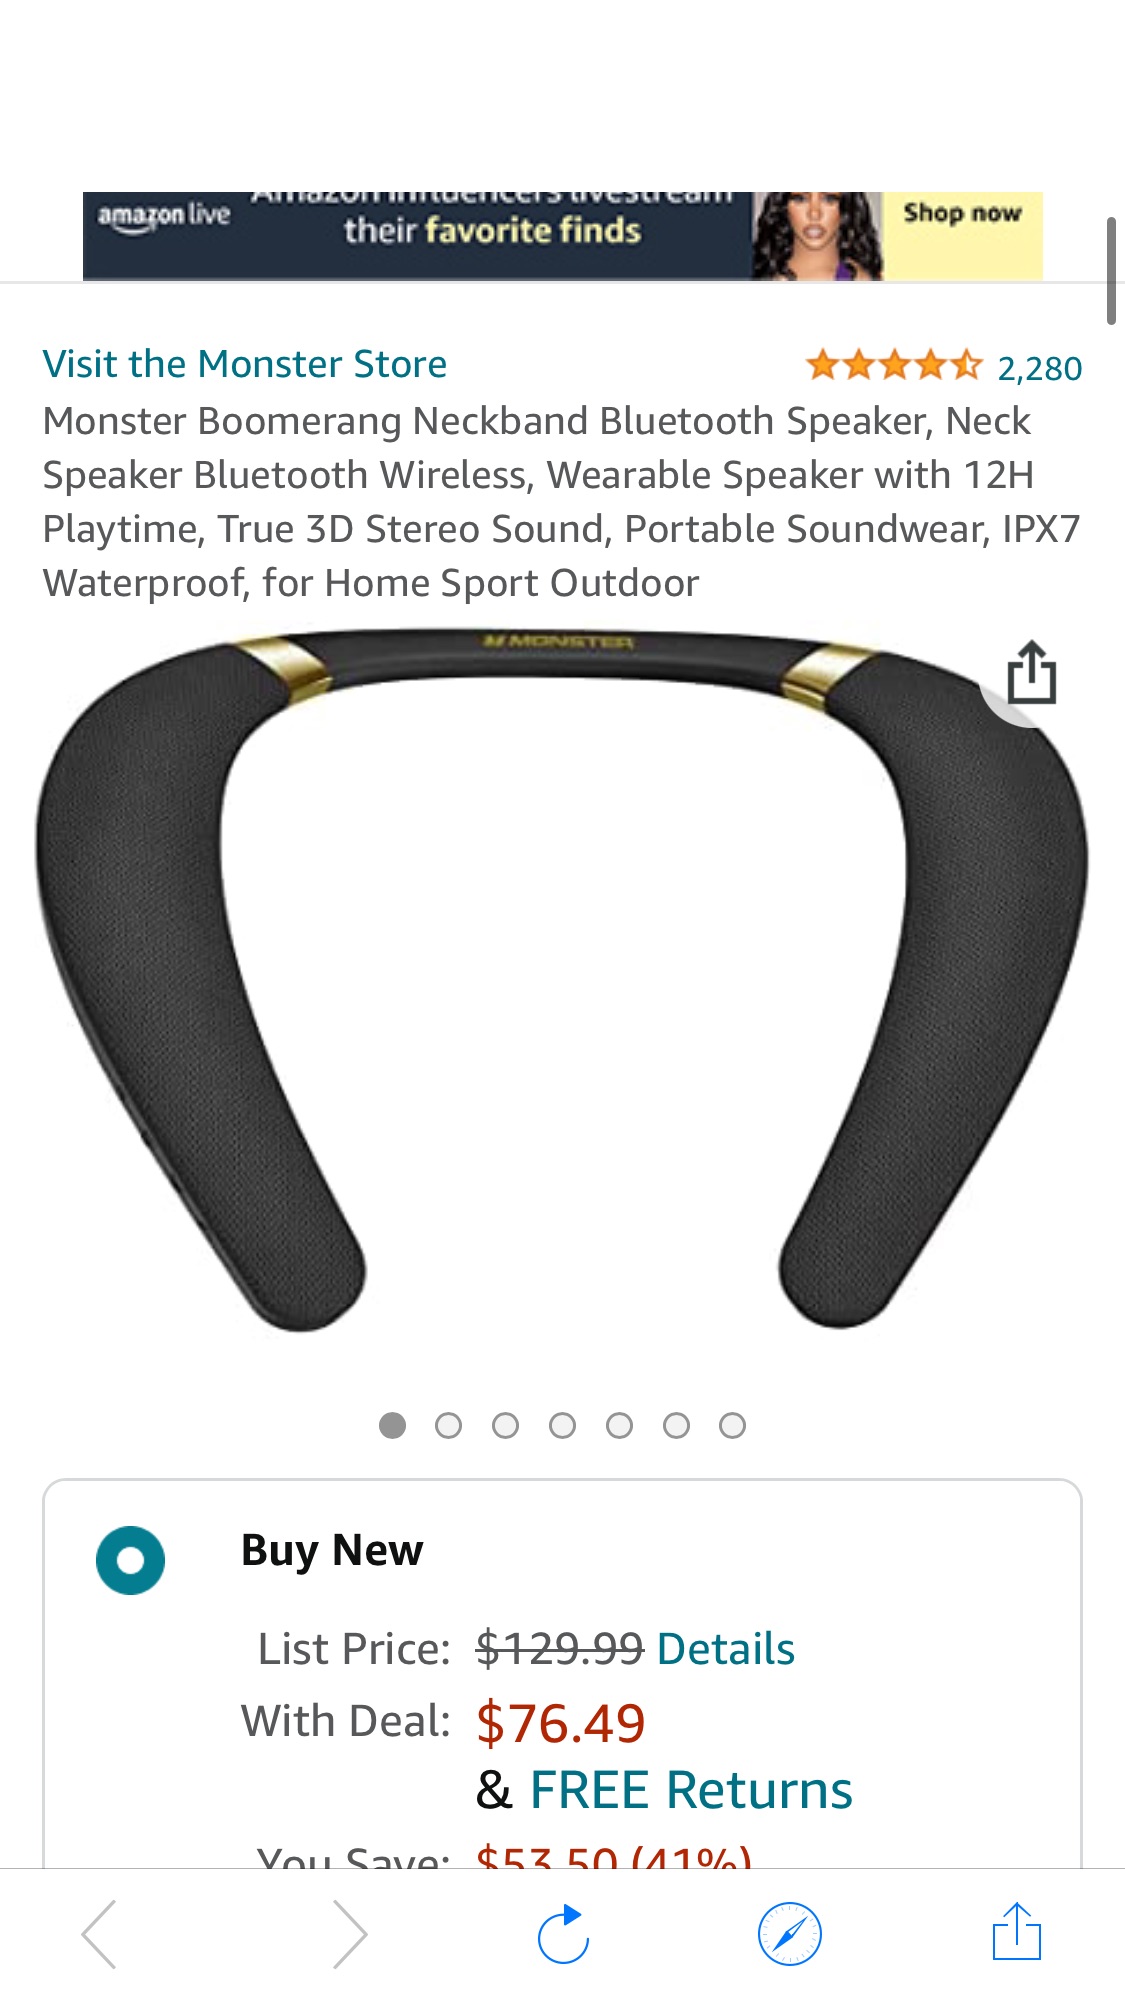 Monster Boomerang Neckband Bluetooth Speaker, Neck Speaker Bluetooth Wireless, Wearable Speaker with 12H Playtime, True 3D Stereo Sound, Portable Soundwear, IPX7 Waterproof,肩上音箱
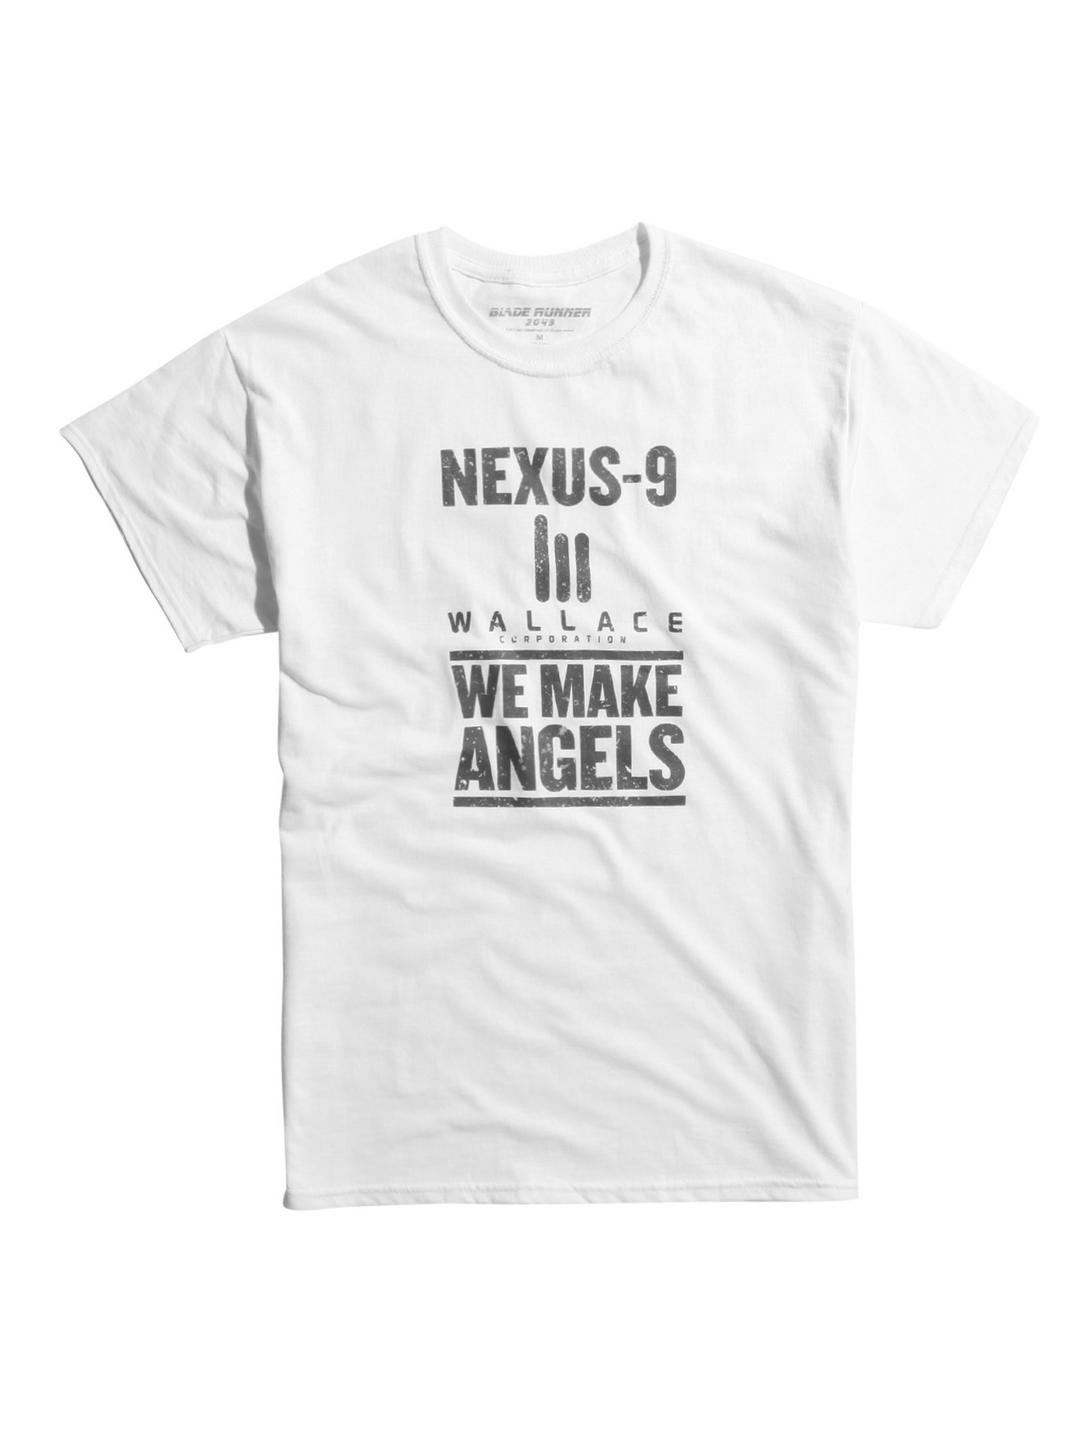 Blade Runner 2049 Nexus 9 T-Shirt, WHITE, hi-res
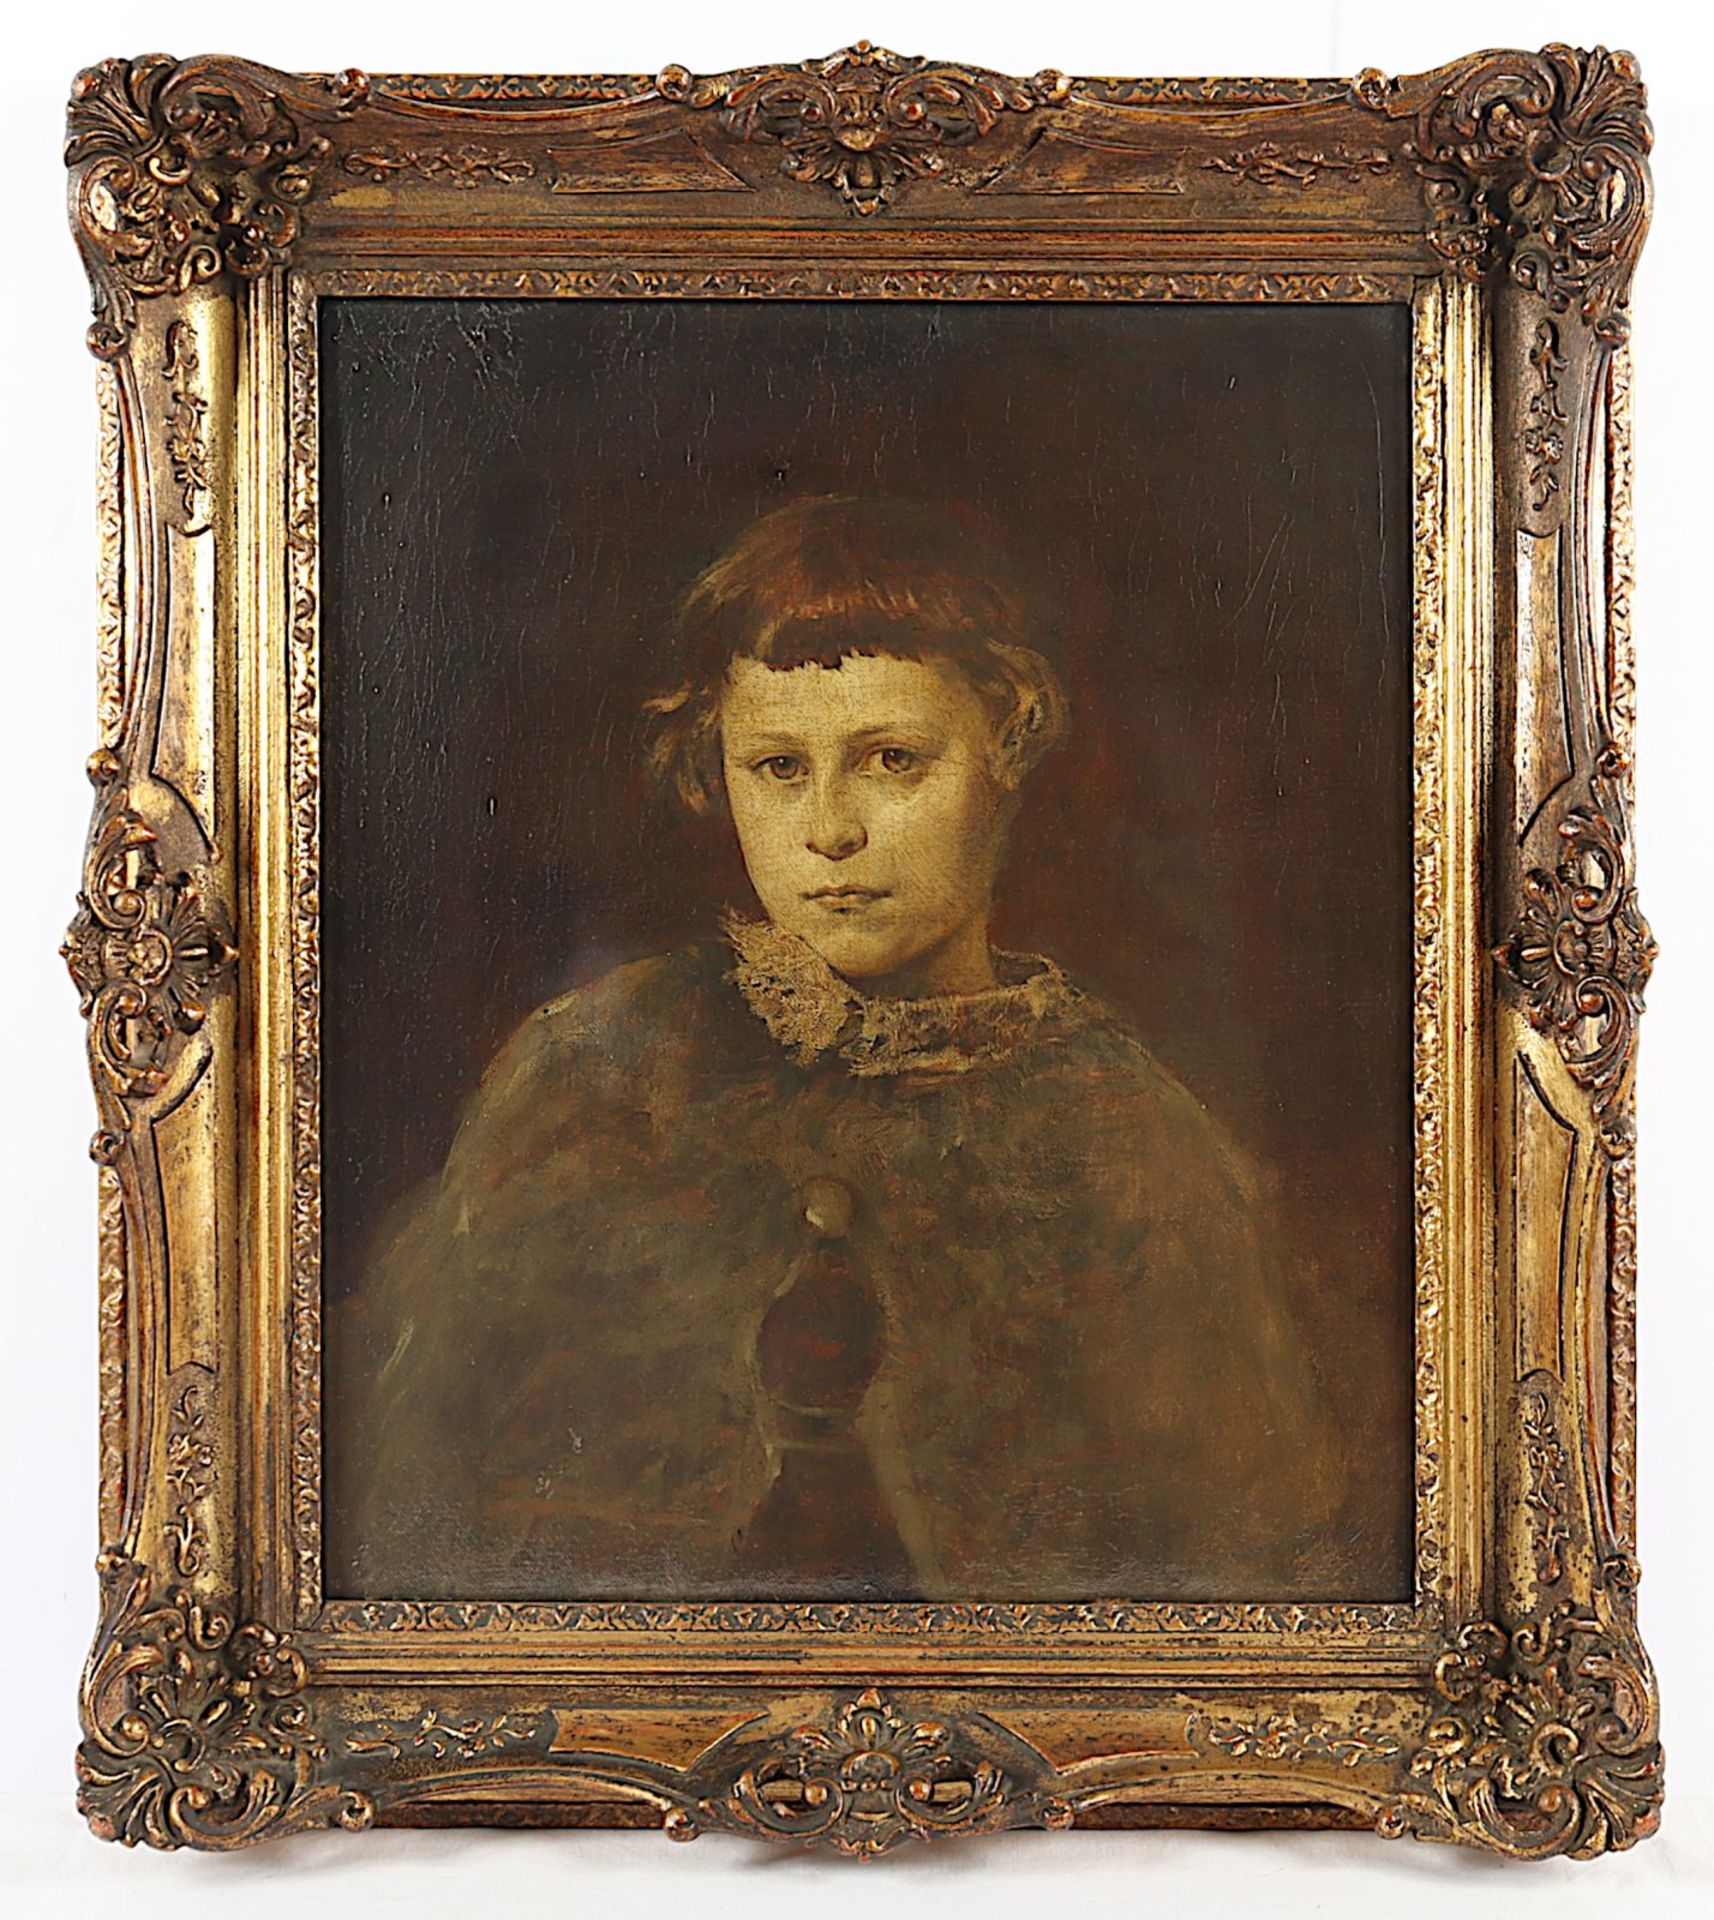 KNAUS, Ludwig (1829-1910), "Portraitstudie", R.

--------------------------------

▸ Problem details: Print exactly the lines from the line with "Blade Runner 2049" through the end of the data, both ends included, and print no pictures.

▸ Answer box:
 Blade Runner 2049 Nexus 9 T-Shirt, WHITE, hi-res
 KNAUS, Ludwig (1829-1910), "Portraitstudie", R.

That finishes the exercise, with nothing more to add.